Page 1 of 1
Reading pipe delimited; but some columns missing
Posted: Fri Oct 04, 2013 2:57 am
by karumudi7
Hi,
I have a pipe delimited file with 3 columns. But for some records at the end there are some missing fields and pipes (delimiter) is also not availble.
How can I read that file without losing any records!
Sample File:
Code: Select all
Name|Email|Country
ABC|abc@gmail.com|USA
DEF|
GHXY||INDIA
Here the problem is with second record, while reading the file I am getting only 2 records. Second one is rejected with error "Email" column not found...
Need to load these 3 records into the table, if data is not available NULL will be loaded for the purticular column.
Thanks!
Posted: Fri Oct 04, 2013 3:28 am
by ArndW
This was easier in Server, but there should be a way to do this in parallel jobs. Is this sequential file defined with variable field/record length and with a <cr><lf> or <lf> line terminator?

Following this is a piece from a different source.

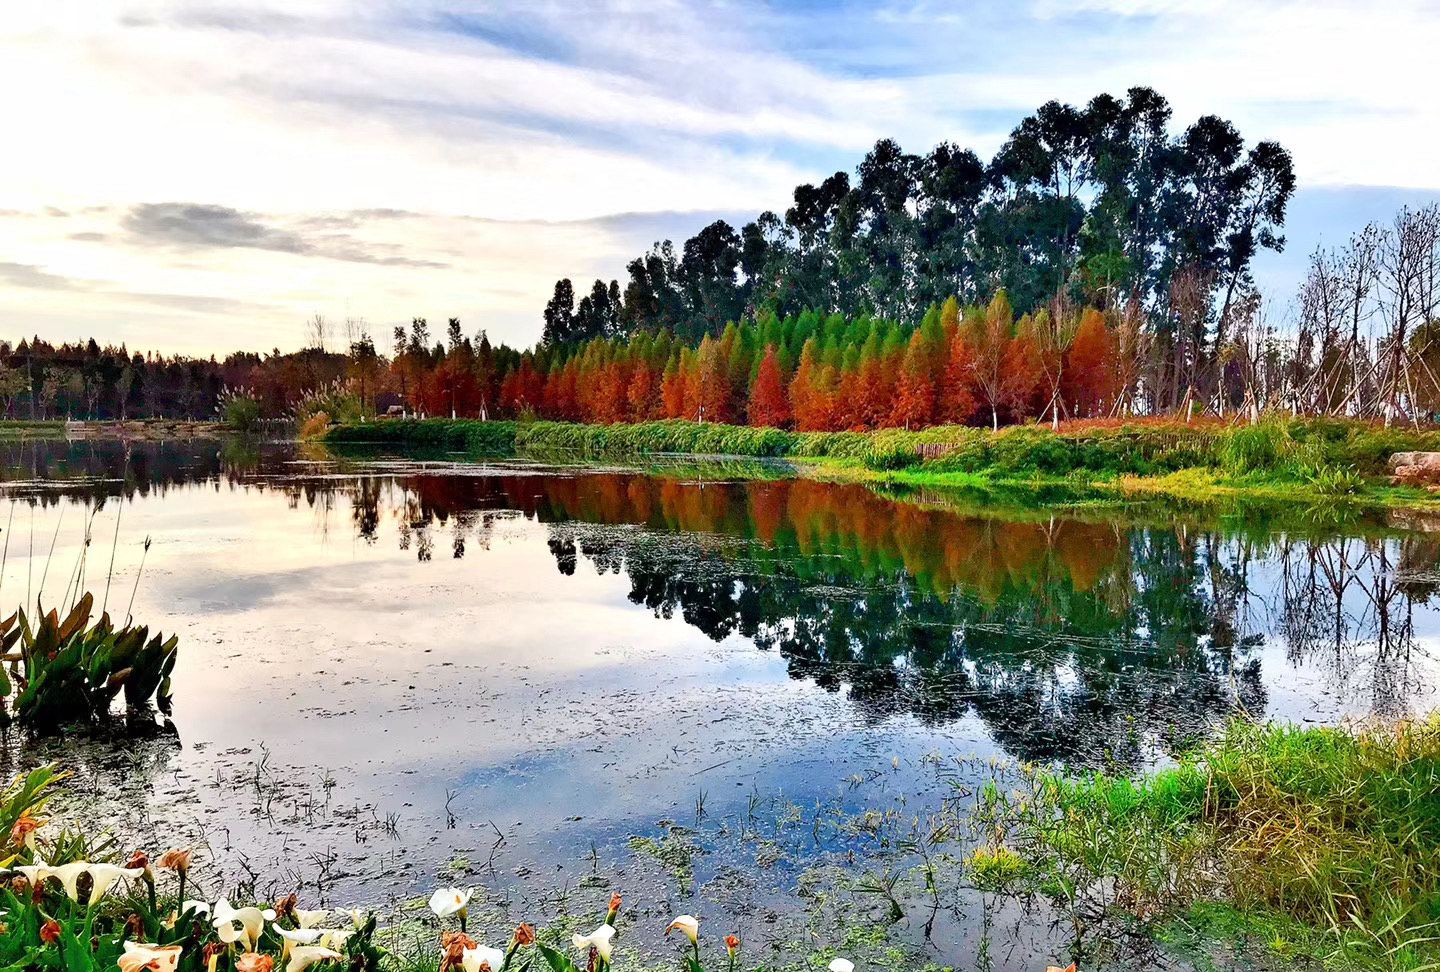 1 / 9 昆明红海湿地公园位于昆明市昆阳镇,是围绕滇池生态以水为主体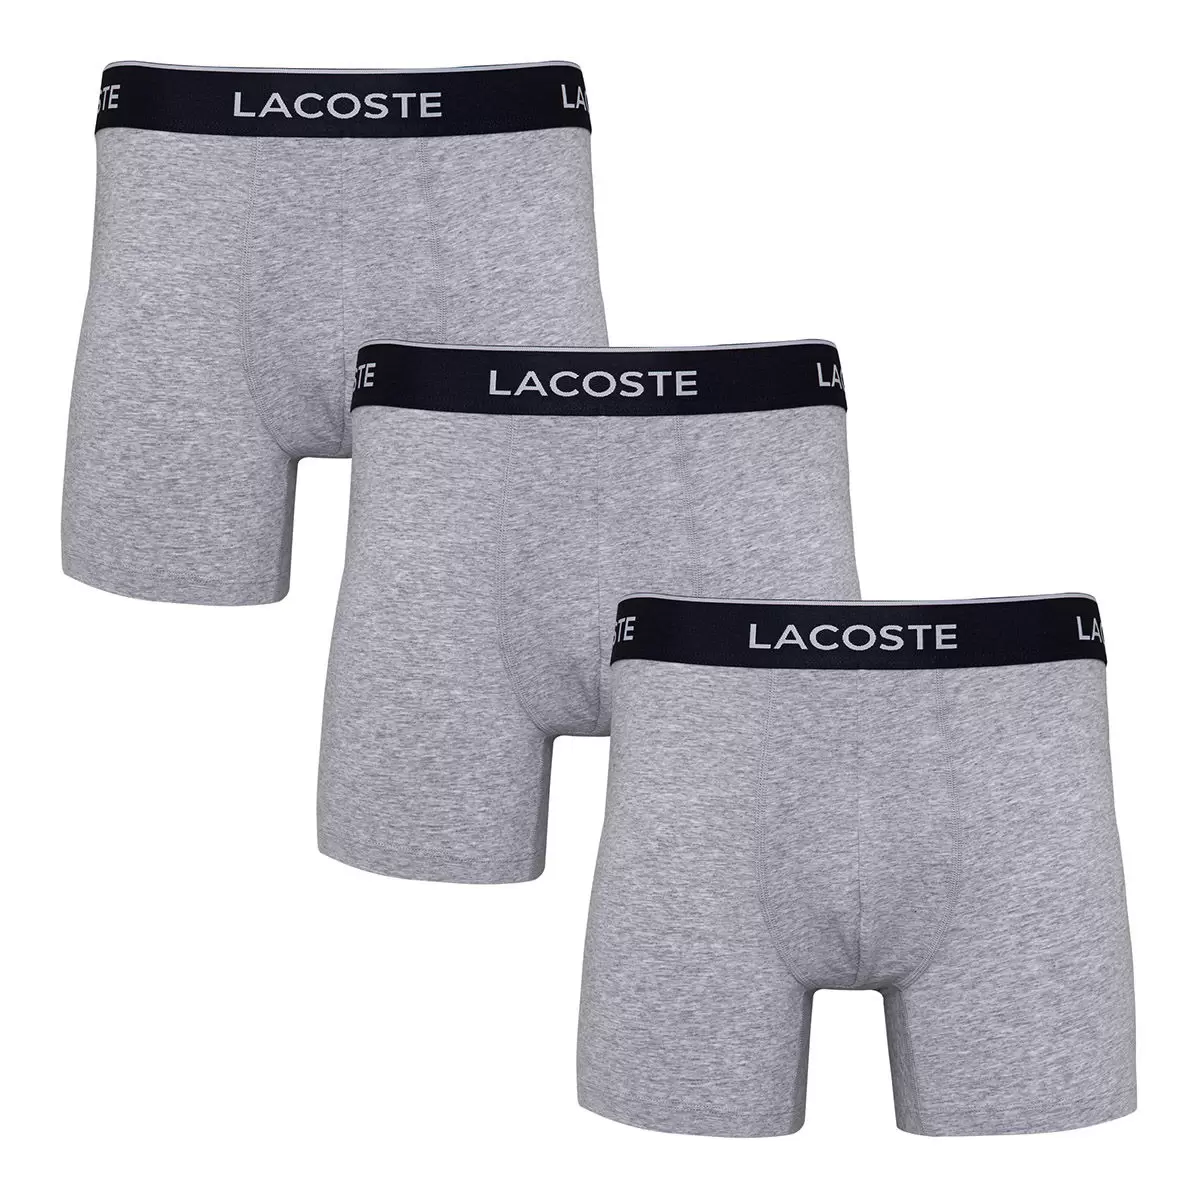 Lacoste 男彈性棉內褲三件組 灰 S

Posted: Fri Oct 04, 2013 3:41 am
by ArndW
I experimented a bit and while there is no equivalent to the server "missing columns" mode, you can put in the following filter condition:
Code: Select all
awk 'BEGIN {FS = OFS = "|"} {$3 = $3; print}'
This will pad each input line to make exactly 3 pipe delimited fields; then you need to handle the empty strings appropriately in your job.
Posted: Fri Oct 04, 2013 4:05 am
by karumudi7
ArndW wrote:I experimented a bit and while there is no equivalent to the server "missing columns" mode, you can put in the following filter condition:
Code: Select all
awk 'BEGIN {FS = OFS = "|"} ...[/quote]
Unable to read, Premium content. :(
Posted: Fri Oct 04, 2013 4:37 am
by arunkumarmm
Never mind about your column delimiter. Read the whole record as one single column and split it up inside the transformer using field.
Posted: Fri Oct 04, 2013 5:15 am
by ray.wurlod
Use a server Sequential File stage in a server Shared Container and make use of its excellent missing columns functionality.
Or, if it's a small to medium sized file, use a server job entirely.
Posted: Sun Oct 06, 2013 10:17 am
by rsomiset
Did you try to read the whole record as 1 single column in source stage and then split using Field function in a transformer stage using delimiter(pipe in this case)?